_Task description:_ The answer must reproduce all of the data below exactly and contain no images.

_Data segment:_
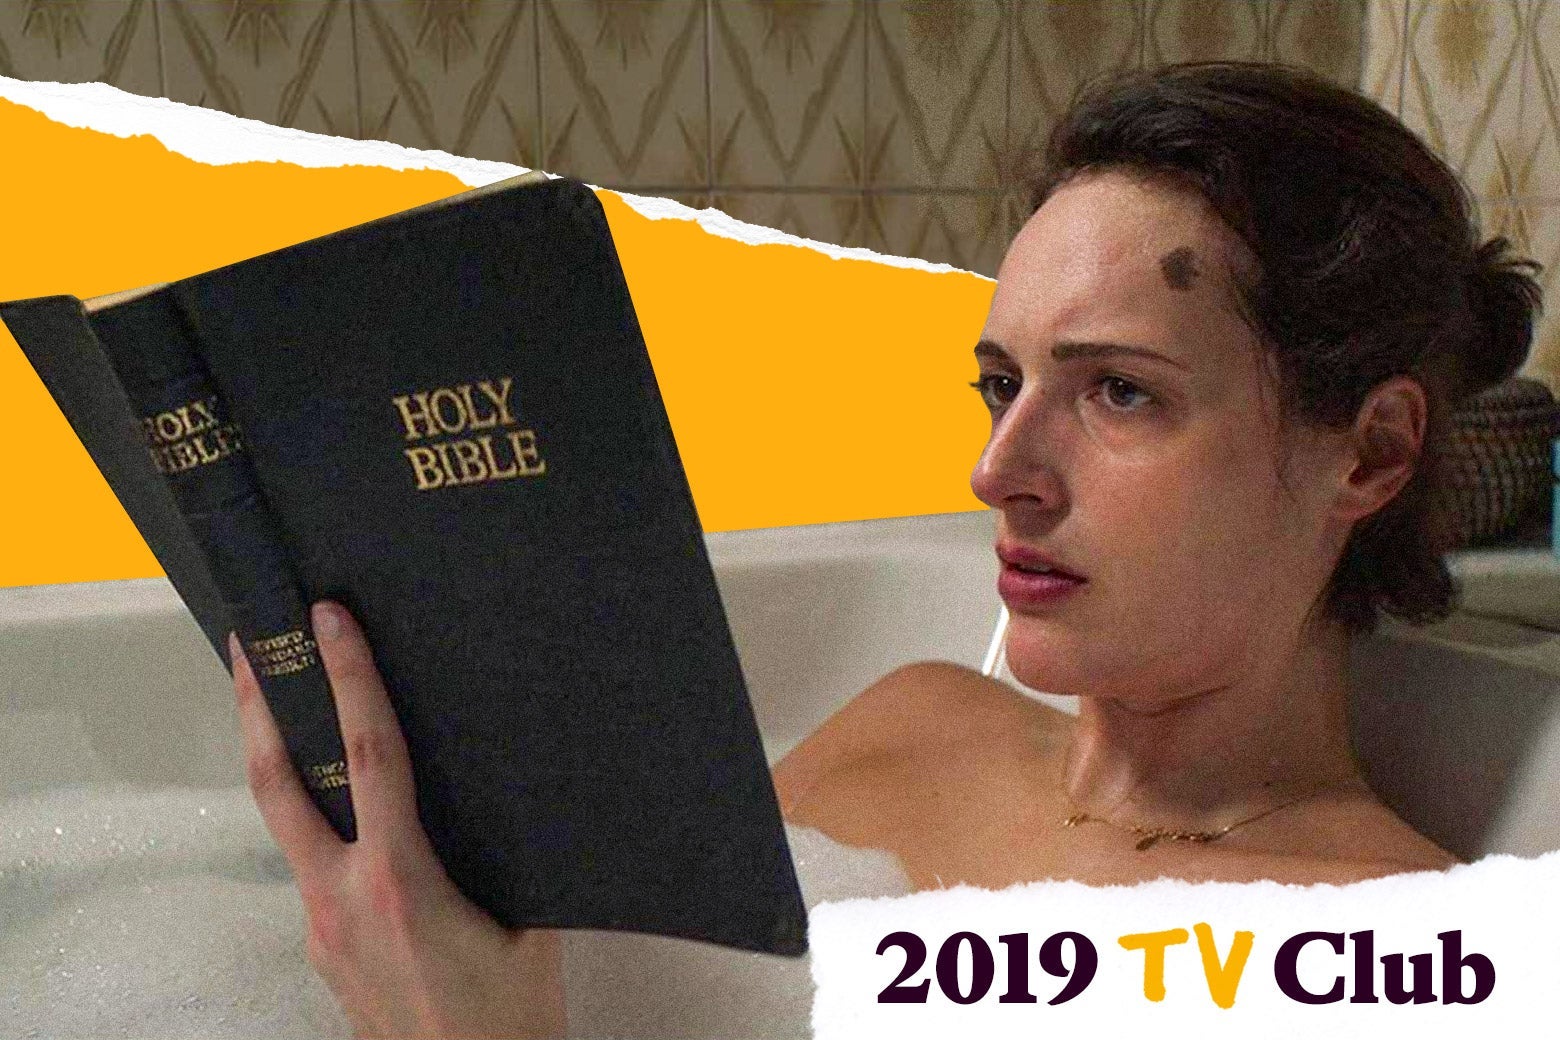 Phoebe Waller-Bridge reads the Holy Bible while taking a bath in this still from Fleabag.
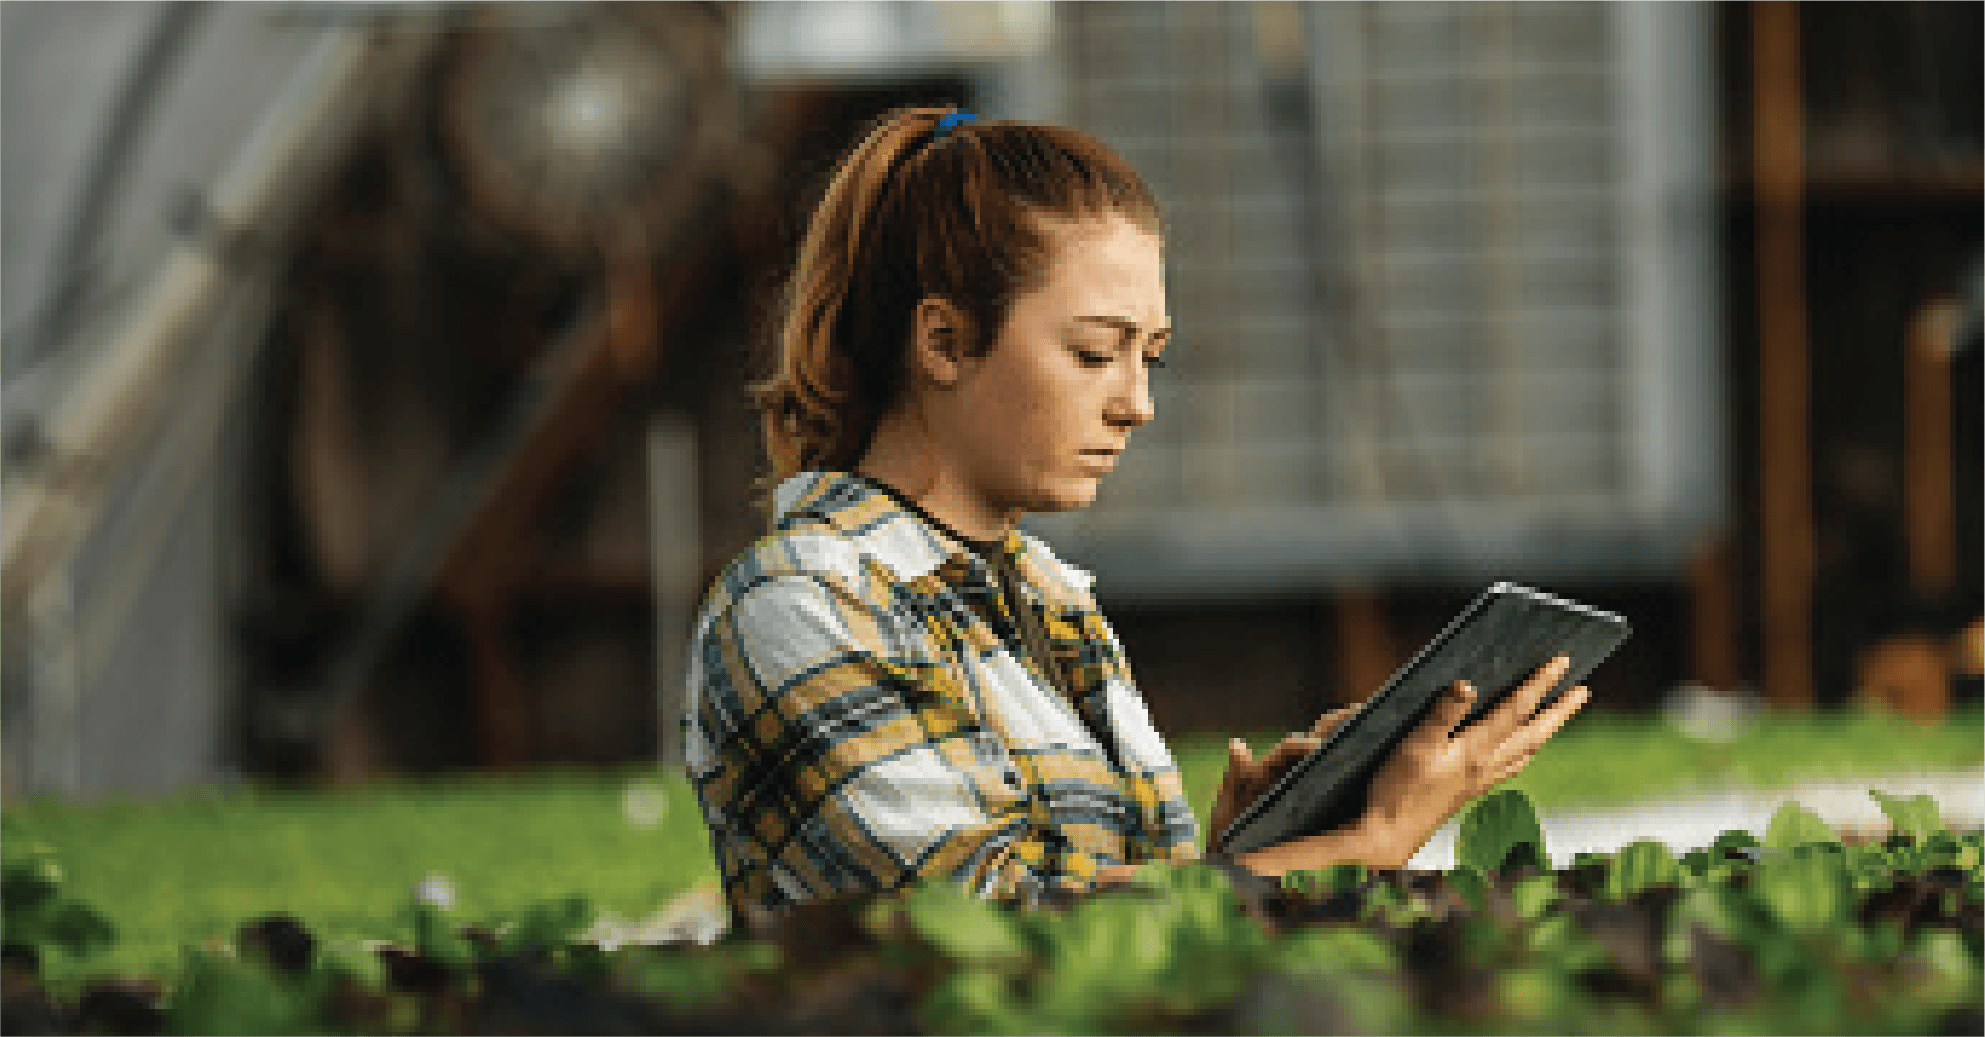 Lady looking confused at tablet while in a plant farm
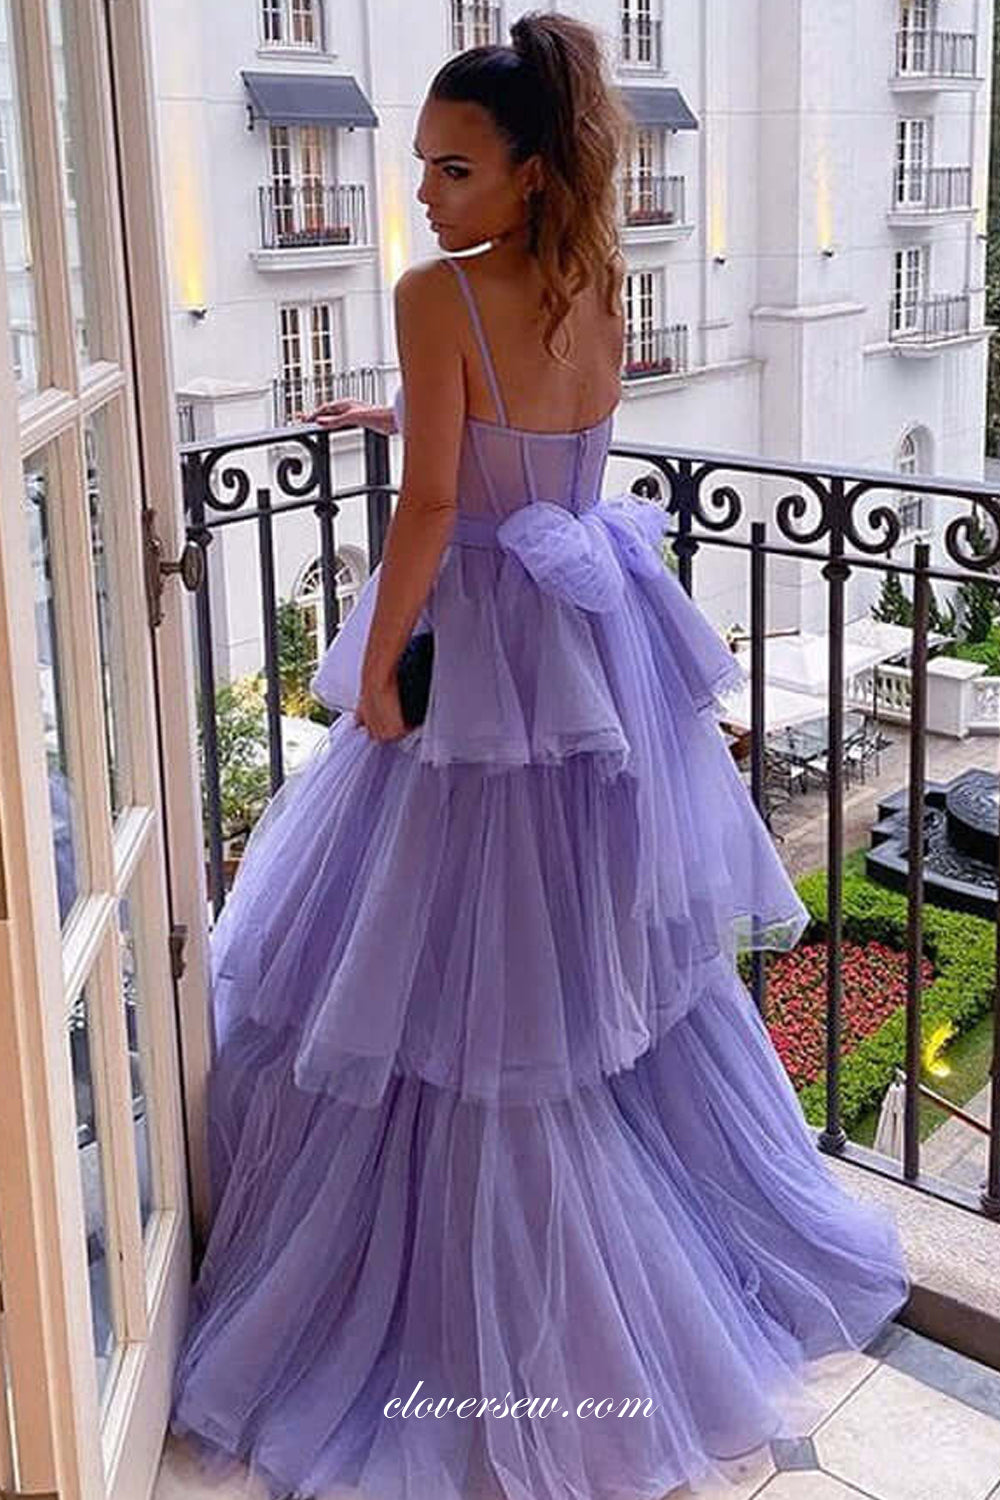 Lilac Tulle Tiered Spaghetti Strap Sweetheart Elegant Prom Dresses, CP –  clover sew

_Exercise solution:_
 Phoebe Waller-Bridge reads the Holy Bible while taking a bath in this still from Fleabag.
 Lady looking confused at tablet while in a plant farm
 Lilac Tulle Tiered Spaghetti Strap Sweetheart Elegant Prom Dresses, CP –  clover sew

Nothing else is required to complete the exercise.